Problem with printing value on Serial Monitor

Hey there!

I'm having some trouble on the code below, while trying to convert a PWM duty cycle to a variable that represents it as percentage and displaying it on the serial monitor. The result displayed on the monitor is always 0, except for when the duty cycle is at 255 (duty = 255 -> (255/255)*100 = 100, so it gets to be an integer and can be displayed).

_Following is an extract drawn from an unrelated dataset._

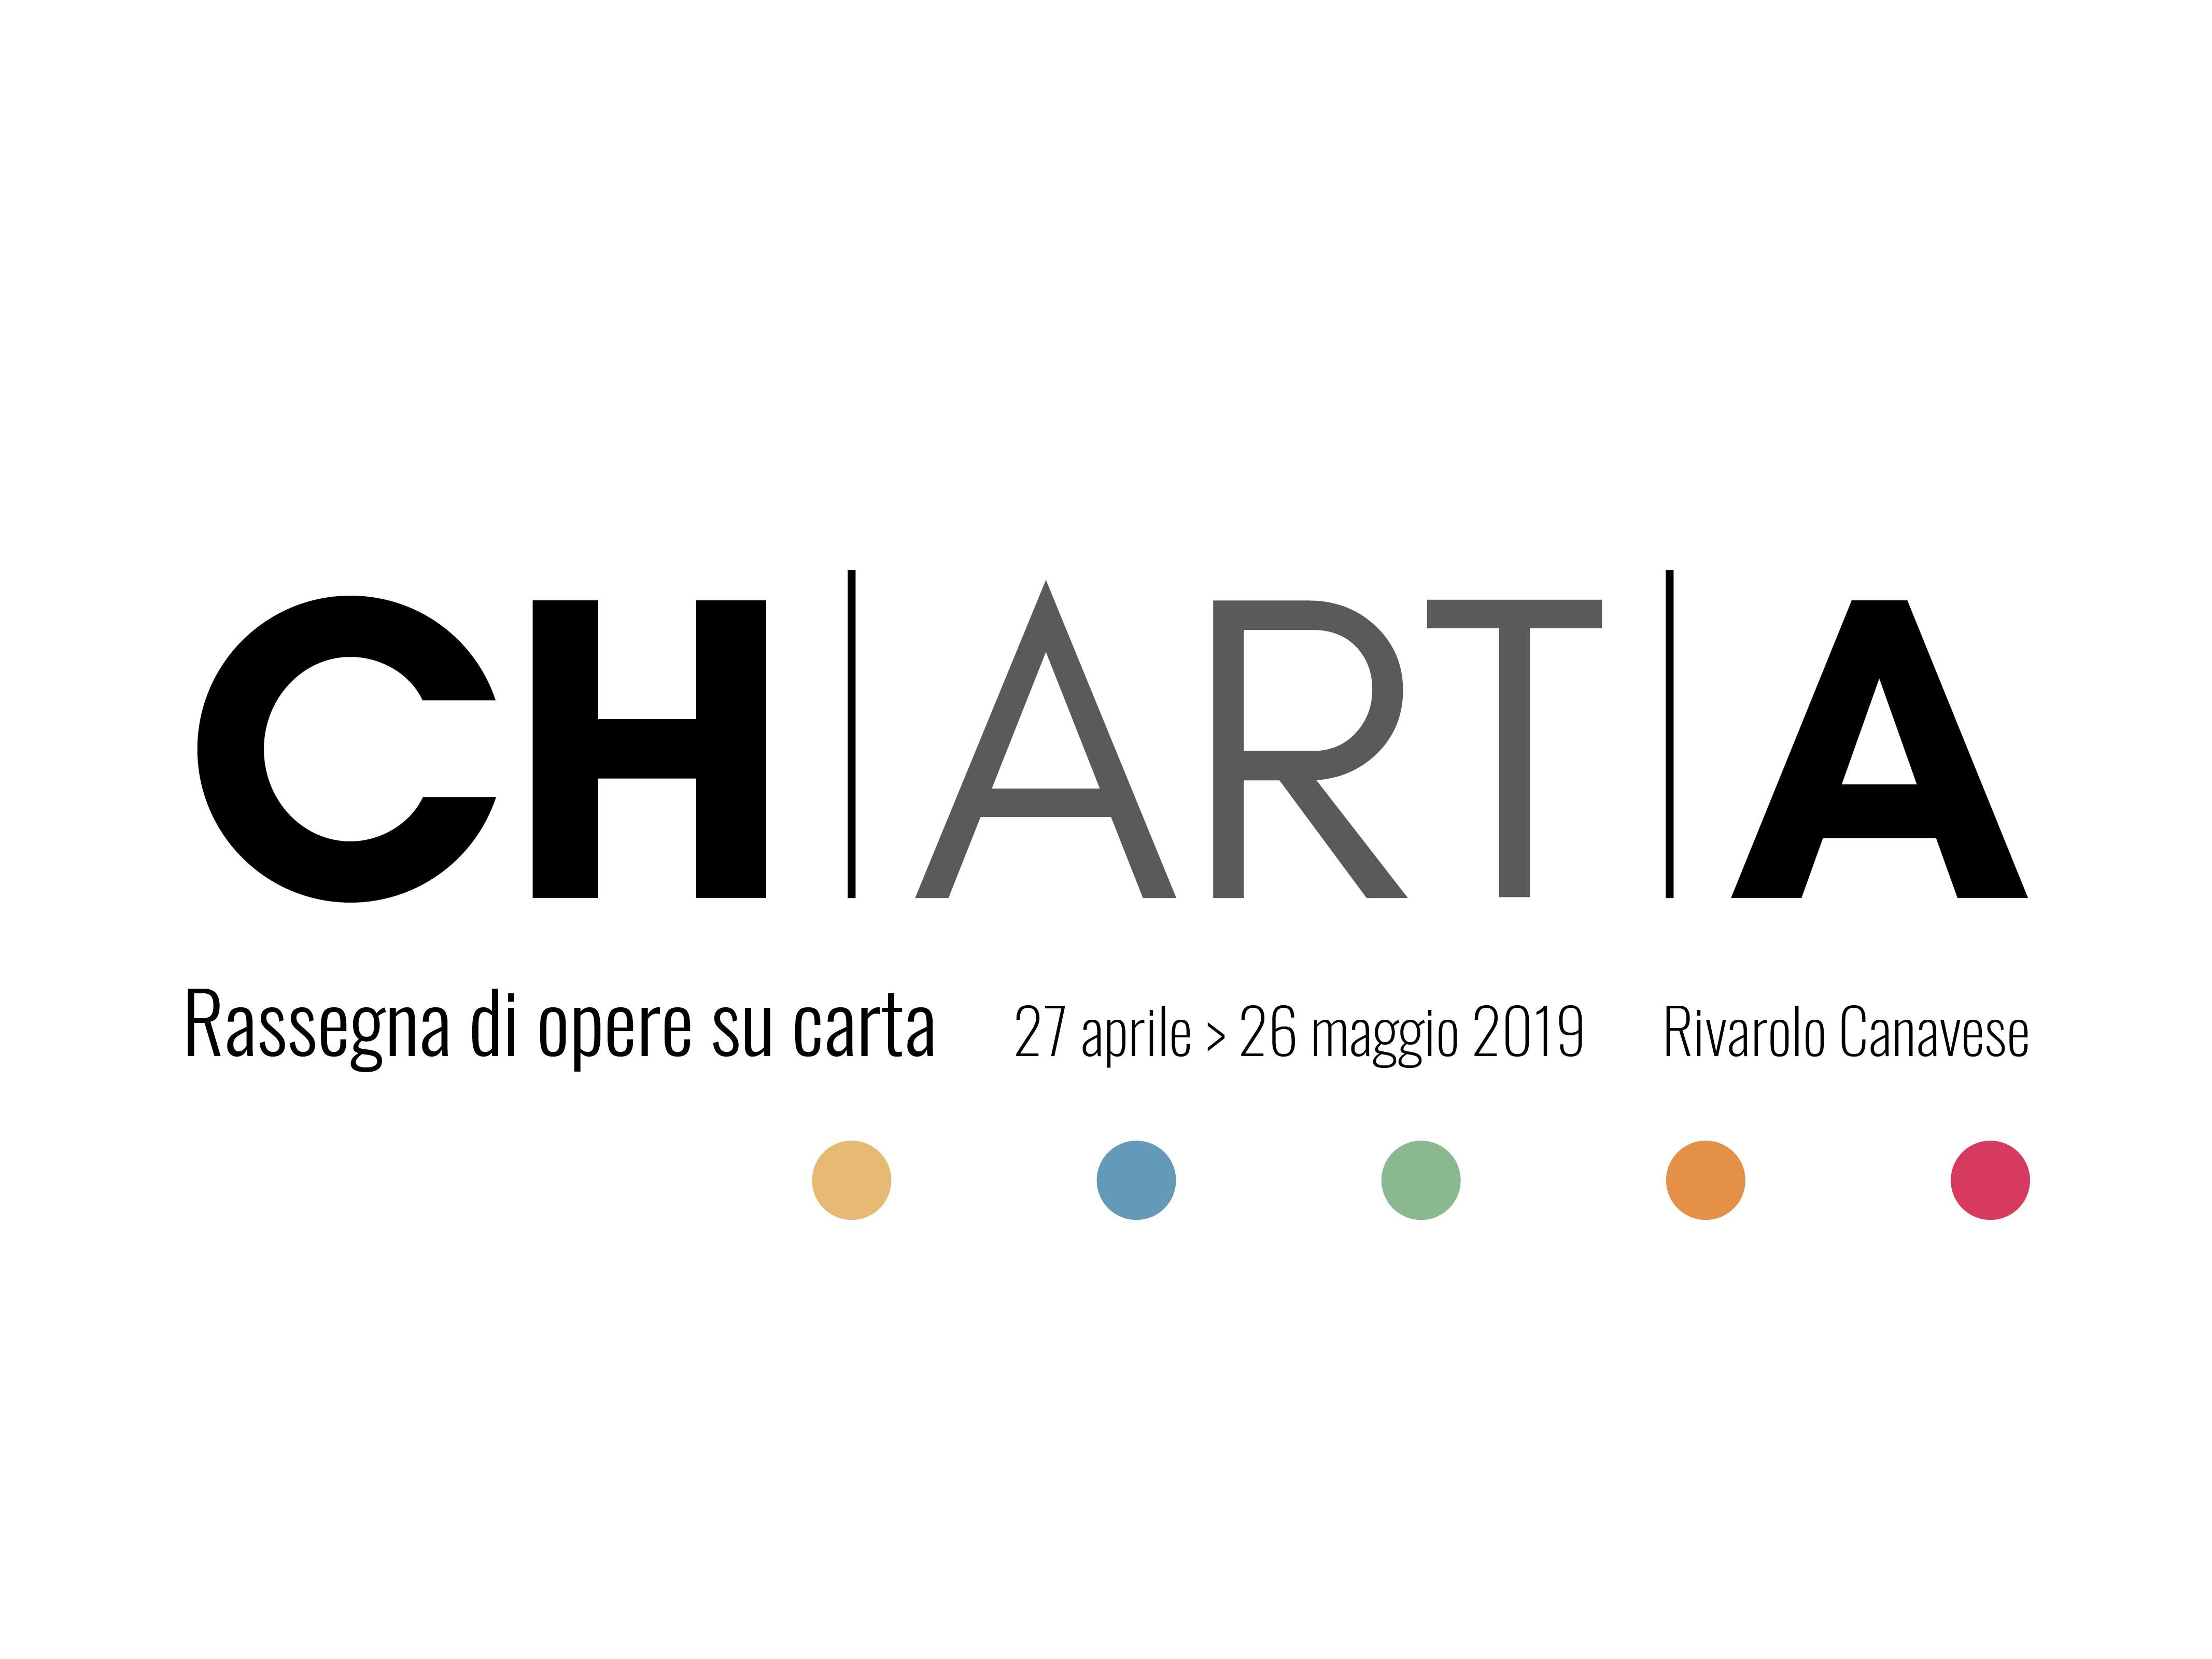 CH|ART|A - Rassegna di opere su carta

I'm pretty sure that the problem is something within the function, as it calculates as float type (duty/255) and then stores the result in an integer variable, but I'm not able to deal with it and find any solution. I tried some type conversion functions but could not get around this (maybe I did it the wrong way..). If you guys could show me a solution, I'd very much appreciate it.

//This goes on loop()
analogWrite(ledPin, duty_cycle); 
int level = Level_PWM(duty_cycle);
Serial.print("LED level: ");
Serial.print(level);
Serial.println(" %");

//This is the function for conversion
int Level_PWM(int duty){
  
  int level_pwm;
  
  level_pwm = (duty/255)*100); 
  return level_pwm;
  
}

Thanks for your help!

Because you have integers, anything under 255 will be 0 when dividing by 255. Either convert it to a float, or you can rewrite it like this:

(duty*100)/255

Ok, rewriting as (duty*100)/255 worked, but using conversion to float not. Could you tell me how you'd do it? Thanks for your help!

hadriel26:
Ok, rewriting as (duty*100)/255 worked, but using conversion to float not. Could you tell me how you'd do it? Thanks for your help!

I would just use the integer method as float math is more taxing and pointless in this instance: you don't have an float input or output, so no need to touch floats in the intermediate math.

You got a point. I managed to work on the float conversion just for learning purposes, but rewriting the math that other way is much better. Thanks for your time!

float duty;
(duty/255**.0**)100*.0**);

found this very useful. Thankyou all concerned

The problem is, if you have say

int duty = 240
float ratio = duty/255 ;

Then the duty/255 will be evaluated as an integer division, with result 0, and that zero will be assigned to the float.

If you want this calculation to work, you need to "force" the division on the right-hand-side to be performed as a floating point division. These will all work:

int duty=240 ;
float ratio = ((float)duty)/255  ;   // works
float ratio2= duty/255.0 ;           // works
float ratio3=(float)(duty/255) ;    // won't work.  The integer division will be zero before conversion to float.

float ratio4= (float)duty/255 ;     
/* might work,  if the (float)duty is calculated.   I can't remember, so I would avoid writing this */

float ratio5 = duty * 100 /  255  ;  // calculates a percentage,  it is still a truncated integer division

float ratio4= (float)duty/255 ;
/* might work, if the (float)duty is calculated. I can't remember, so I would avoid writing this */

It will. The cast is applied to the value. The parentheses around the cast and the variable name in the first example are unnecessary.